Stuffed Crocodile

Mazes, Martians, Mead

Review: Starfighters of Adumar

Starfighters of Adumar
Starfighters of Adumar by Aaron Allston
My rating: 3 of 5 stars

One thing that is very noticeable is that the situation the protagonists get thrown in in this book is suspiciously specific for their skillsets. Adumar is a slightly backwards world that has just contacted the New Republic and would be open for negotiations. There is one small problem though: they don’t want to negotiate with career politicians, they only will accept starfighter pilots as negotiators.
And so Wedge Antilles and a few others from Rogue Squadron end up on Adumar and have to deal with a lot of culture clash and cloak and dagger espionage business. It turns out that Adumar is actually a balkanised world and that they only were contacted by the most powerful nation there, that the Imperials were contacted at the same time and now are competing with them, and that the Adumari are not only fond of starfighter pilots, they are obsessed with them. And with honor. And with honorable feuds to the death. In one of the funniest sequences in the book our heroes are on a stake out when someone else sneaks in and wants to use the same hiding place.

At one point during the later part of the novel our pilot heroes are so fed up with this world and their idea of honorable combat that they’d like to tell them to screw themselves and just go home.

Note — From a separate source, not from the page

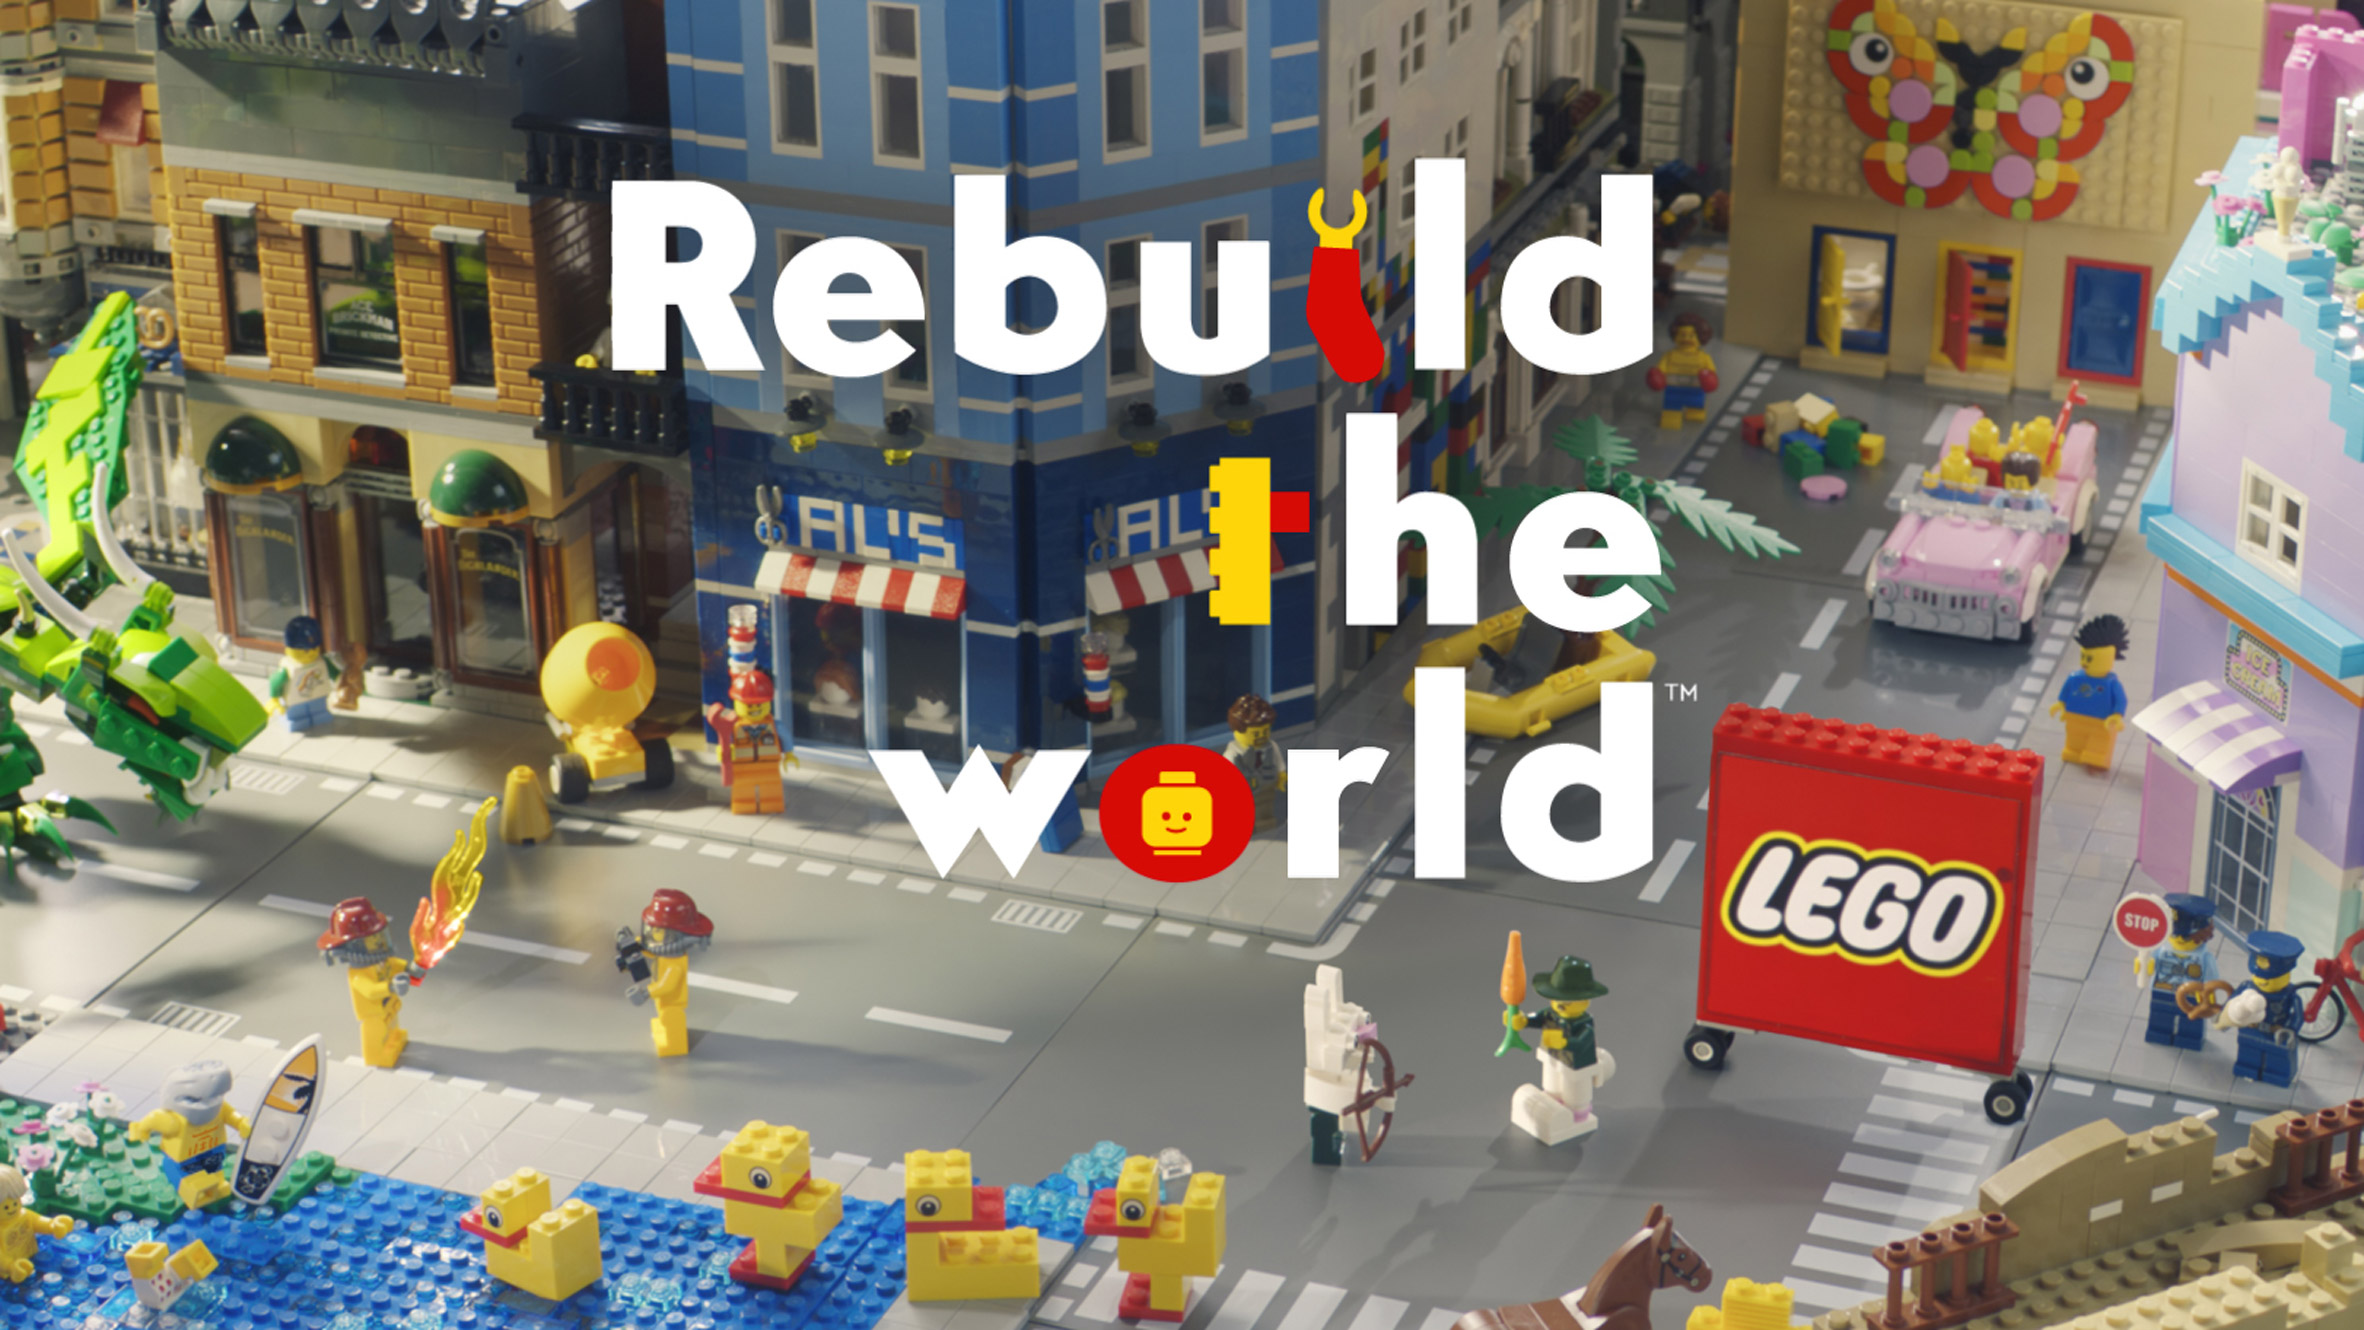 etc blod strubehoved Creativity is being "brushed aside" by digital media says Lego's head of  design

But they are our heroes, and so of course they don’t and save the day instead.

The novel is not exactly Shakespeare, but it is definitely one of the better Star Wars novels out there. It is fun to read, the worldbuilding is impressive for Star Wars (remember, this is the franchise that gave us such interesting locales as a desert planet, a swamp planet, a city planet, and a Northern Italy planet), and it works as a coherent story on its own.